Source: ScienceDaily

Friday, 8 May 2009

Silanigtalersarput


In his book about the Arctic Thule expeditions and the inuit people, Knud Rasmussen (the greenlandic explorer) gives an account of that remarkable skill they call "Silanigtalersarput", the capacity of seeing clearly in darkness and even see through the clothing, skin and flesh of the fellow beings, into their very innermost being."

Anyhow, it is a great word for deep wisdom. I could use some Silanigtalersarput.

Wednesday, 6 May 2009

An Arctic Poem

Emily Dickinson - As if some little Arctic flower


As if some little Arctic flower
Upon the polar hem
Went wandering down the Latitudes
Until it puzzled came
To continents of summer
To firmaments of sun
To strange, bright crowds of flowers
And birds, of foreign tongue!
I say, As if this little flower
To Eden, wandered in
What then? Why nothing,
Only, your inference therefrom!


Tuesday, 5 May 2009

My town

I live in Porto - Gaia, a double city in Portugal on both sides of the Douro river, close to its mouth on the Atlantic Ocean. You can find a rather nice quality of life here, despite a little too much litter on the streets, rude talking and some very ugly buildings. Street crime is growing too.

But the old trading town center is attractive, there is quite a lot of nice cafés ( I mean, coffee houses: they mainly serve coffee), paved pedestrian streets with old houses and many many shops,some baroque churches and an old beautiful public garden.

The problem is that Porto - Gaia is off the circuit of the great cities of culture.

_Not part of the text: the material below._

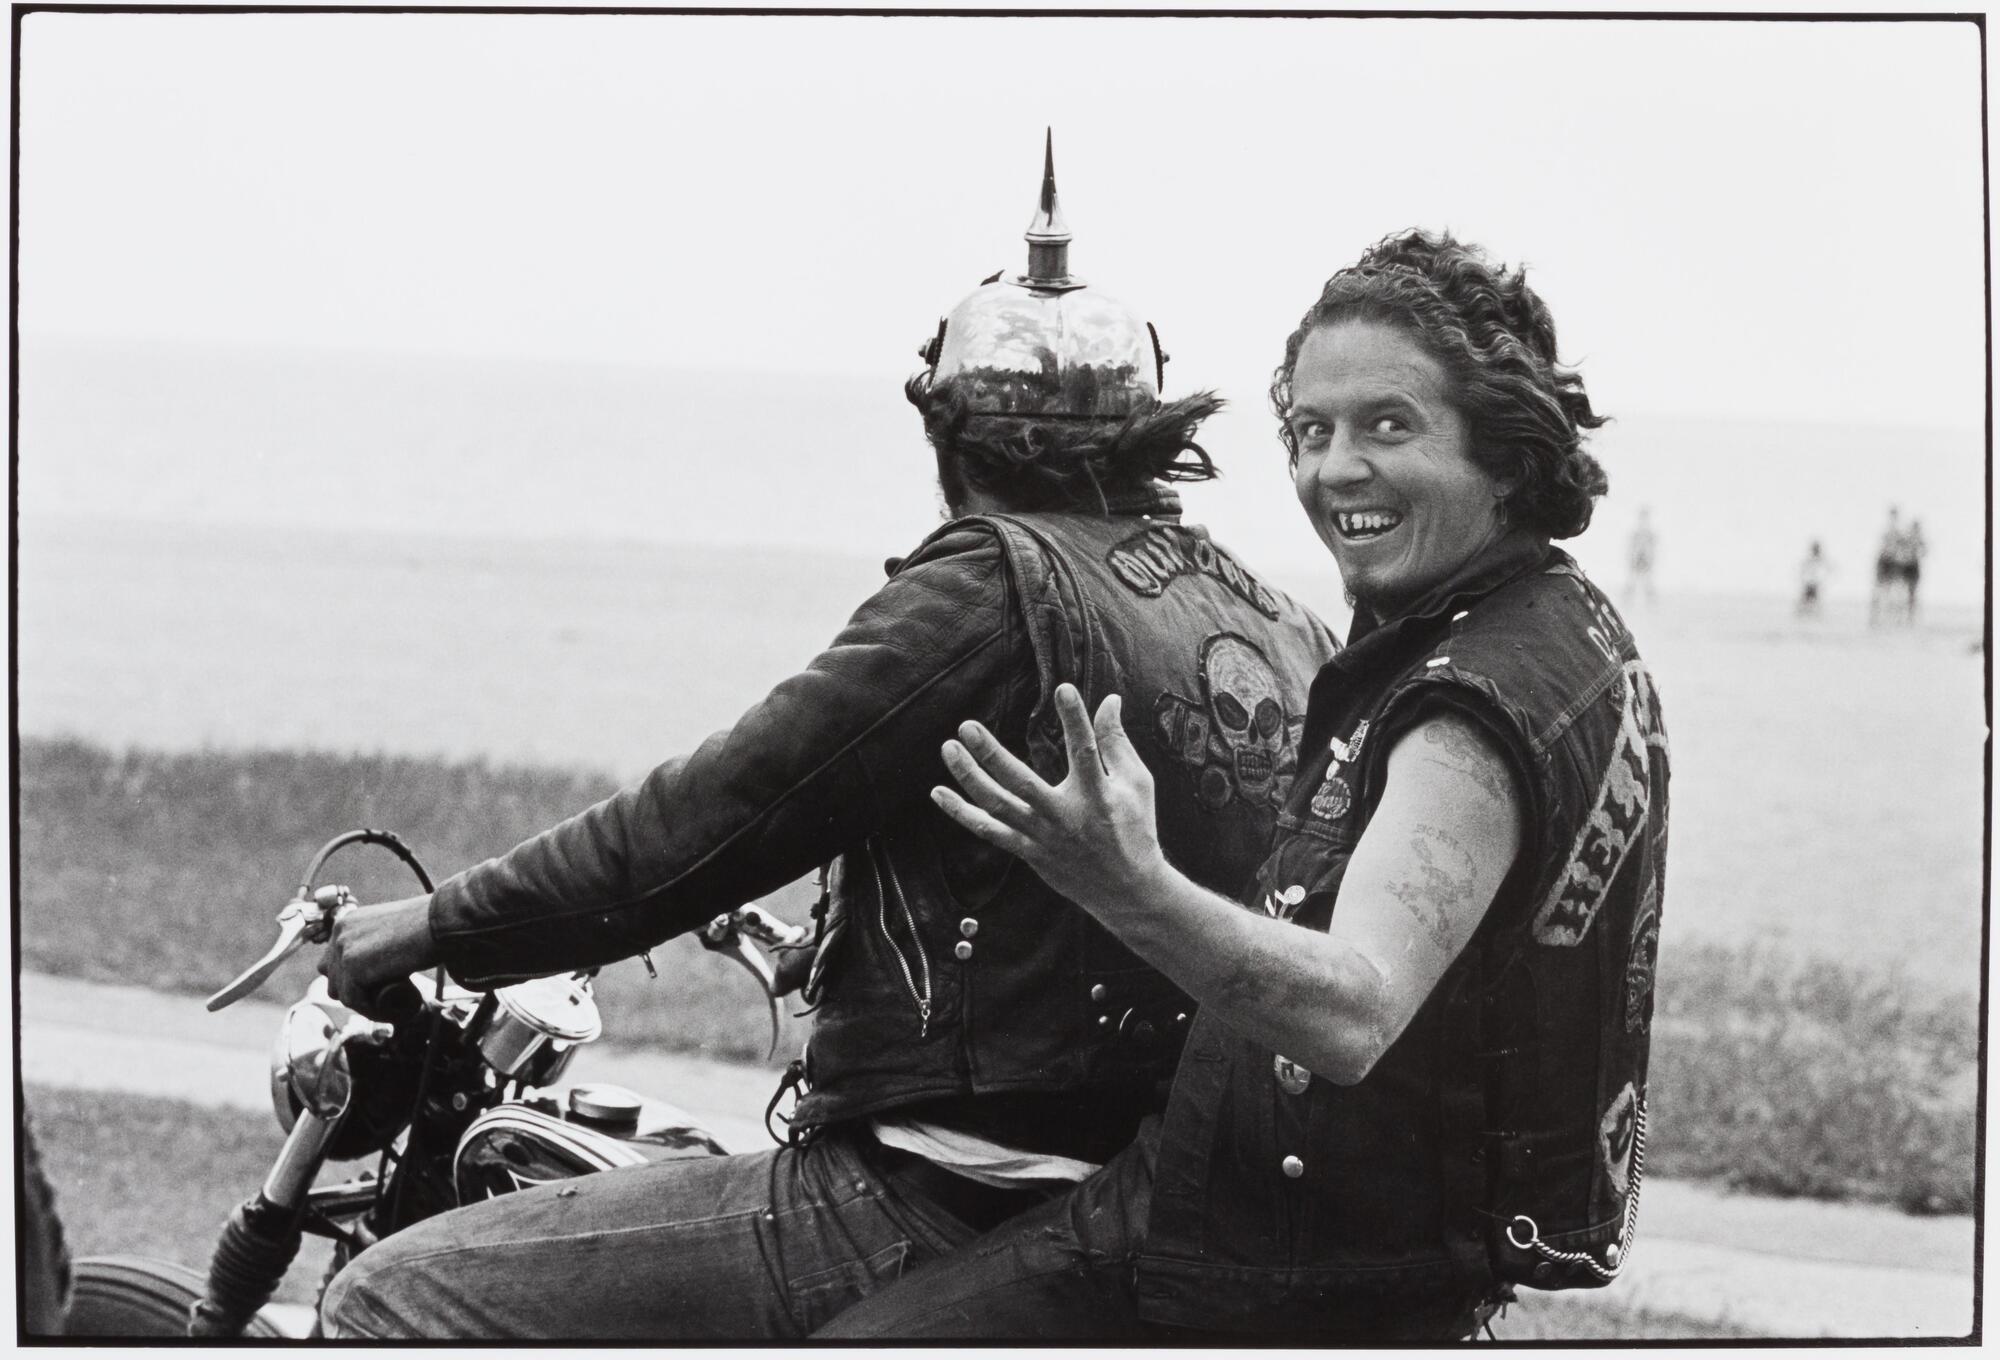 A photograph of two men riding on a motorcycle. The man in the back seat looks back at the camera, holding out his hand and smiling. The other man wears a helmet with a large spike and looks toward the beach scene that unfolds before him.

It's a rather dead provincial town. Almost everything looks old and in decay. The only joyful area is by the sea - the sea promenades: North and South of the river , they are the best places to live.

There is absolutely no feeling of adventure here, no research teams, no explorers whatever, no dreams of Thule! Just a conventional and sad day-by-day, without horizons to look for except the sea.



That´s why I started this blog. I feel I am living elsewhere, in lands of mistery and unexpected thrills, of calm lonesome beauty waiting to be discovered and explored.

Images: Isabel Fiadeiro, Henrique Matos

Monday, 4 May 2009

Music for Thule :
1 - Spiegel im Spiegel


Written by Arvo Pärt in 1978 , "Mirror in a Mirror" is my first choice for Ultima Thule music. I found in it the mistery, the strangeness, the tranquility, the solitude, the sense of infinity and transcendence I search.



Here we will moor our lonely ship


Here we will moor our lonely ship
And wander ever with woven hands,
Murmuring softly lip to lip,
Along the grass, along the sands,
Murmuring how far away are the unquiet lands.